Inadequate health care systems pose a far greater barrier to AIDS care. Observes Dr. J.W. Lee, Director-General of the WHO: "Today, we have medicines to treat AIDS patients for a dollar a day or less but these medicines are not getting to the people who need them." Thus, "investing in treatment for AIDS also means strengthening health systems."

Although targeted for their alleged greed and price-gouging in America, U.S. firms are leaders when it comes to corporate philanthropy. Most companies make free or low-cost medicine available to those in genuine need.

The number of Americans benefiting from such initiatives has risen from 1.5 million in 1998 to 5.5 million in 2002. As noted earlier, companies do much to help those afflicted with HIV infection overseas; the drugmakers undertake a variety of initiatives directed at malaria, tuberculosis, and other diseases as well.

Moreover, the companies give substantially to charity. A Chronicle of Philanthropy survey found that an astonishing third of business charitable contributions came from the big R&D drugmakers. Pharmaceutical companies landed the top four giving spots as well as another three in the top 50 contributors.

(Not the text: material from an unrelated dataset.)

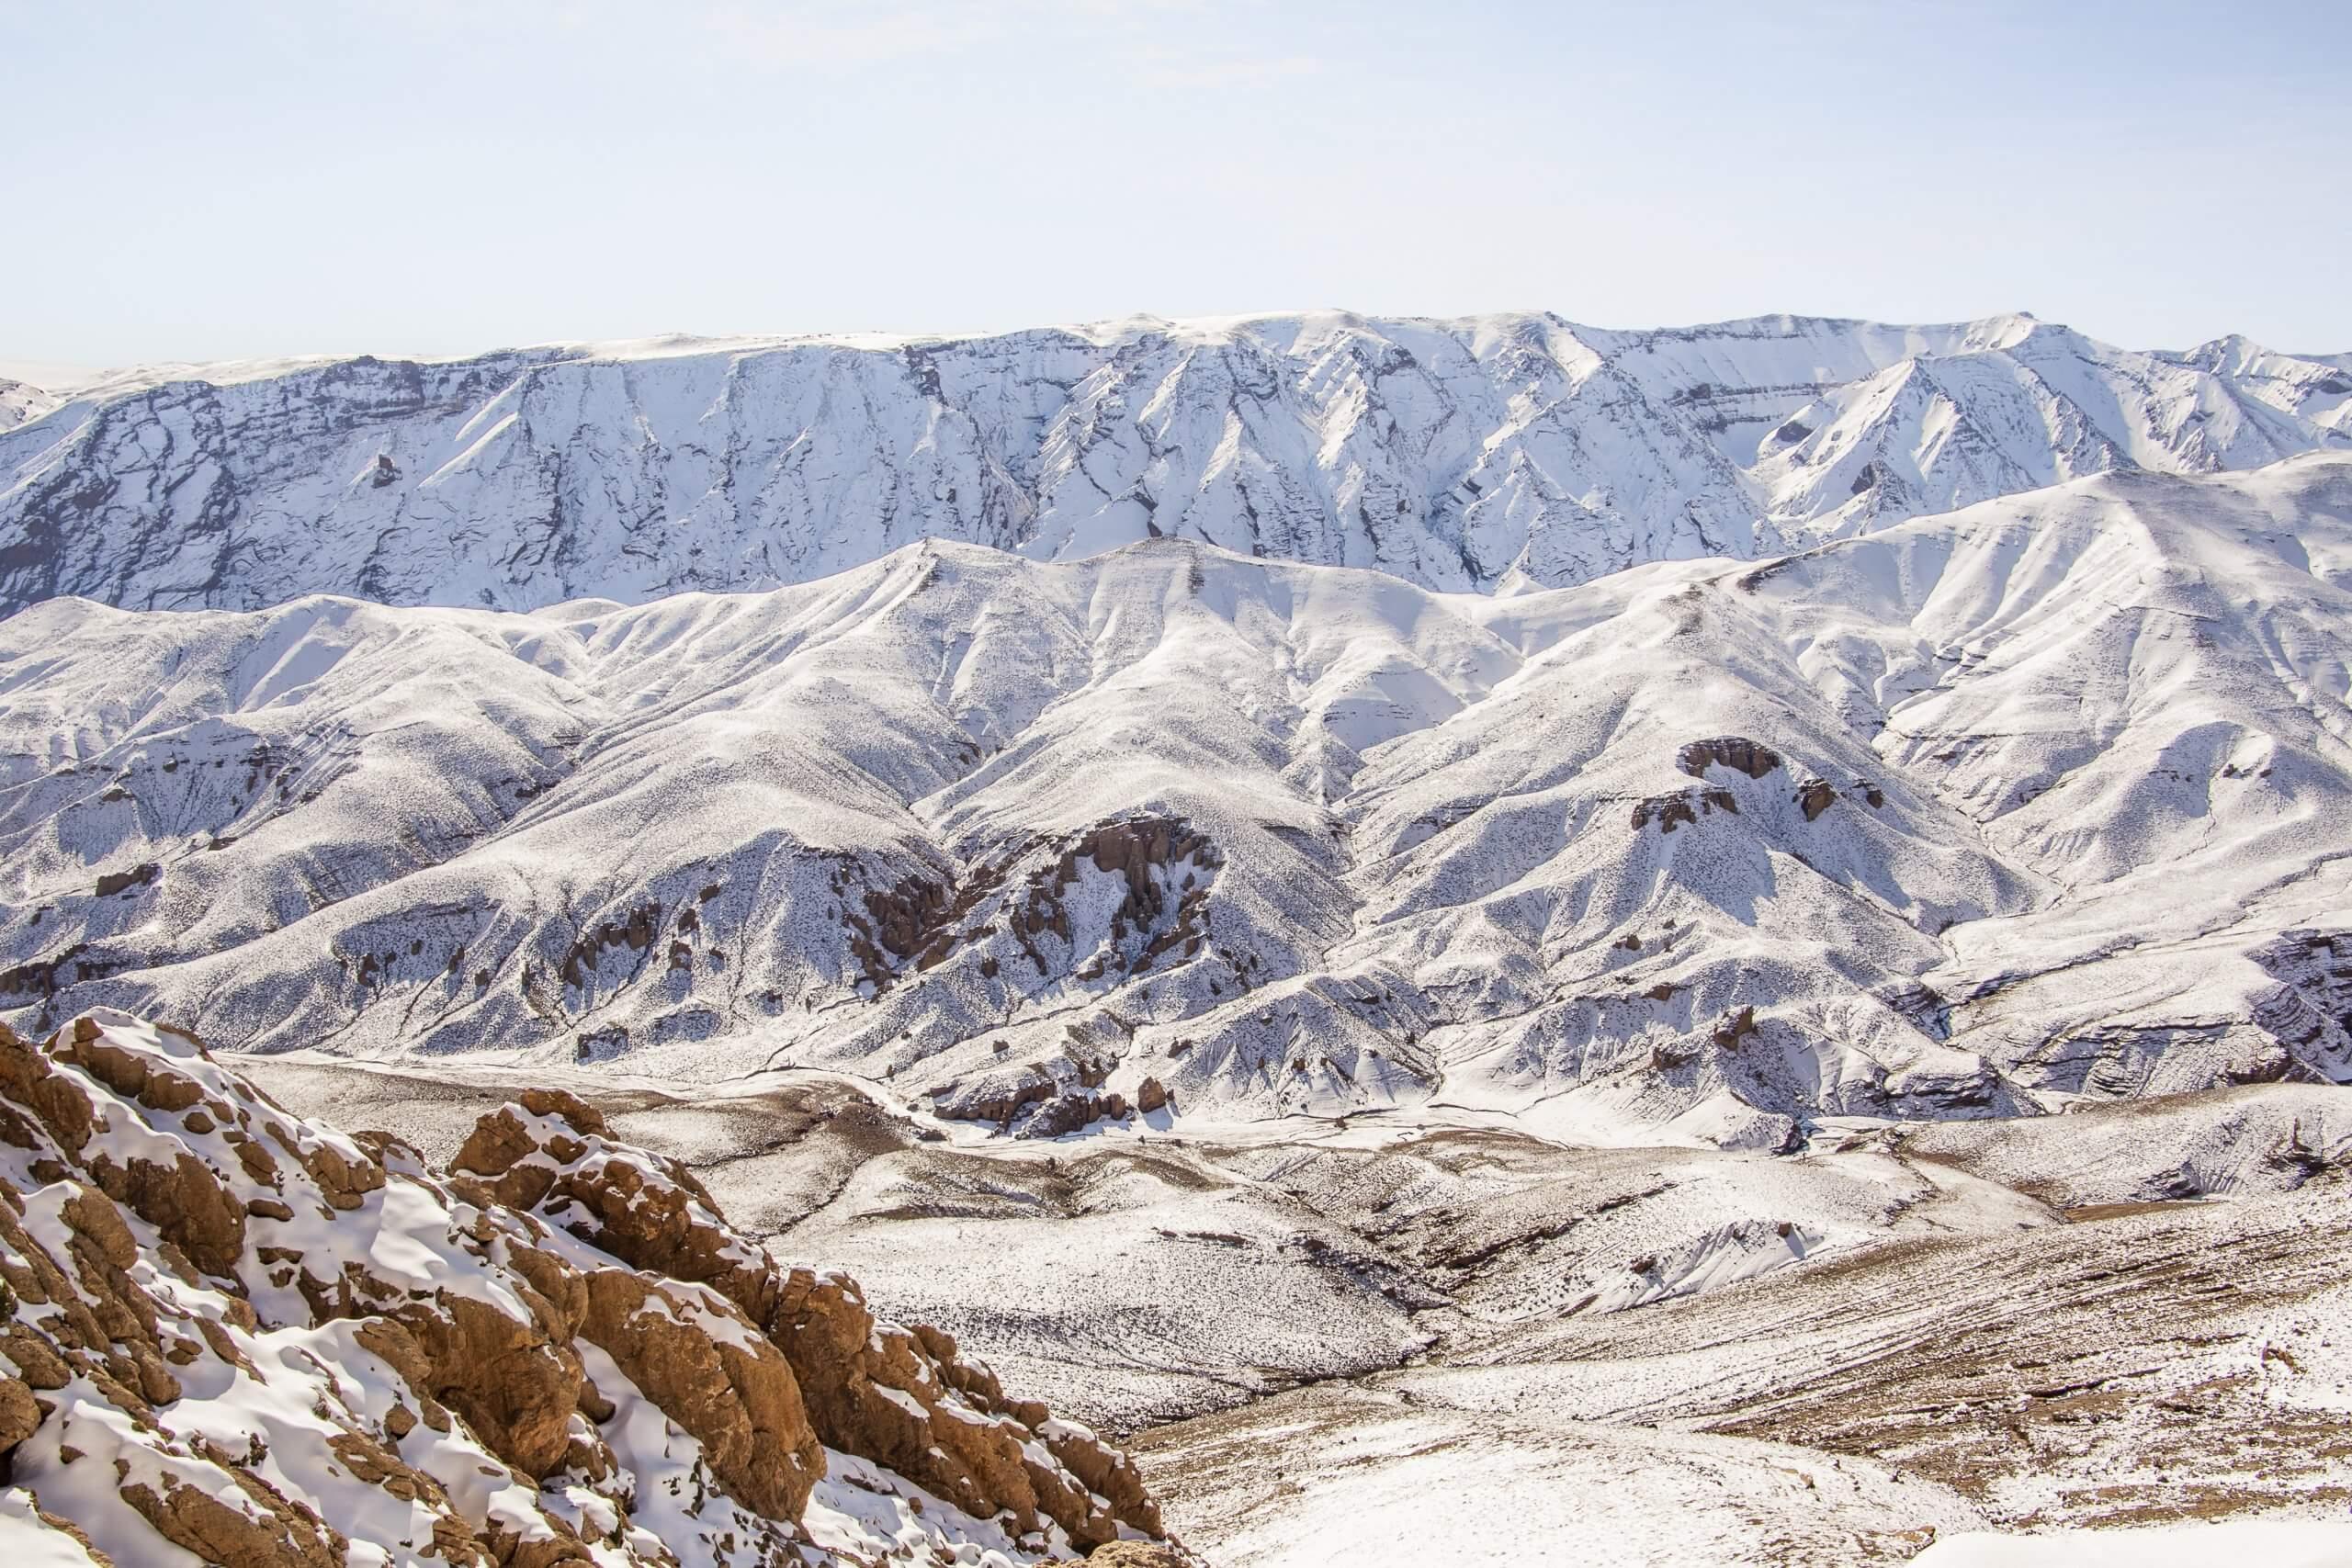 durch die schneebedeckten Berge

Unfortunately, attacks on the drug industry often come from comfortable people who don't mind paying for medical and hospital care. Hospital care consumes nearly a third of health care dollars. Doctors and clinical services get a fifth. A miscellany of everything from dental to over-the-counter drugs take another fifth.

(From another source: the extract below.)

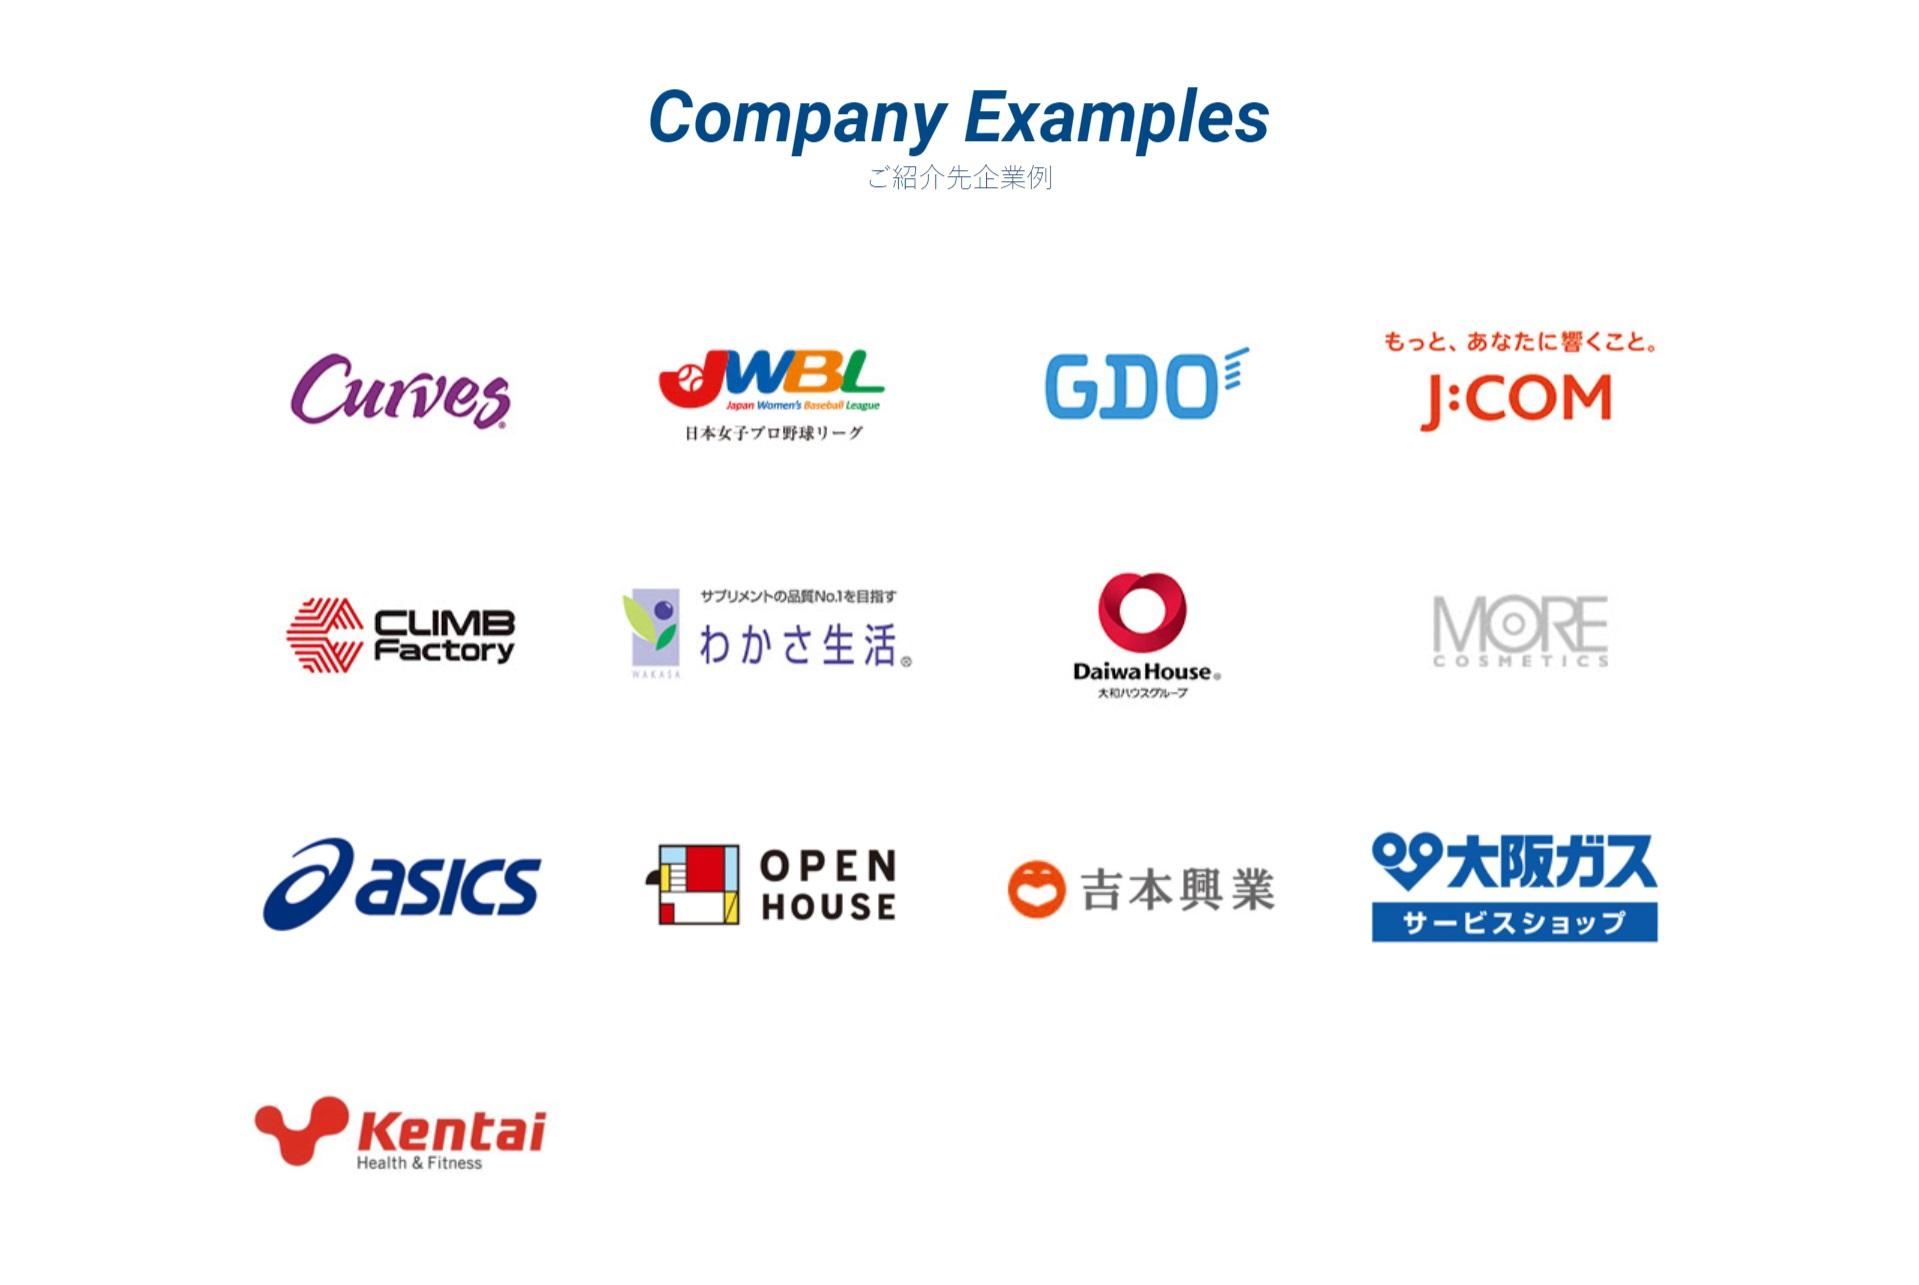 豊富な紹介先企業や非公開求人も注目

Only 11 percent went to medicine in 2002. Yet many Americans expect to get high value drugs for free, or nearly so.

The message? Save my life, cure my cancer, clear my arteries, staunch my nausea, but do so for less than I spend on eating out every month. People who think drugs are expensive should consider the cost of not having drugs.

And there's no short-cut. Companies test between 5,000 and 10,000 compounds for every one that ends up approved for sale. Among the latter, seven of ten don't even pay for their own costs. The other three have to pay for everything, including the many dry holes.

Is it unseemly for companies to profit from making medicine? Without a profit incentive, American firms would not have spent $33 billion last year on R&D. They would not have discovered, developed, tested, and won FDA approval for 86 new medicines last year.

Particularly important are the 35 new biologics and molecular entities. Six address cancer, three target AIDS, and seven combat genetic disorders. Tetanus, diptheria, psoriasis, pneumonia, Alzheimer's, botulism, and hemophilia also were on the target list.

And progress continues. Avastin, approved by the FDA in February, promotes angiogenesis, which prevents the creation of new blood vessels necessary for tumors to grow.

The drug offered substantial benefits even for patients with advanced bowel cancer. "Seeing a survival advantage of this magnitude is unusual," explained the FDA's Dr. Patricia Keegan.

Avastin also is likely to be useful in treating breast, kidney, pancreatic, and lung cancer. Moreover, another 30 drugs
employing the same treatment technique are in development by such firms as Bayer, Novartis, and Pfizer. Surely these substances are worth paying for.

Bashing the drugmakers may win votes. But the price of such demagoguery will be high if fewer drugs are developed and fewer people are treated as a result. We need more, not fewer, drugs like Avastin.

Doug Bandow is a Senior Fellow at the Cato Institute and the author of The Politics of Plunder: Misgovernment in Washington.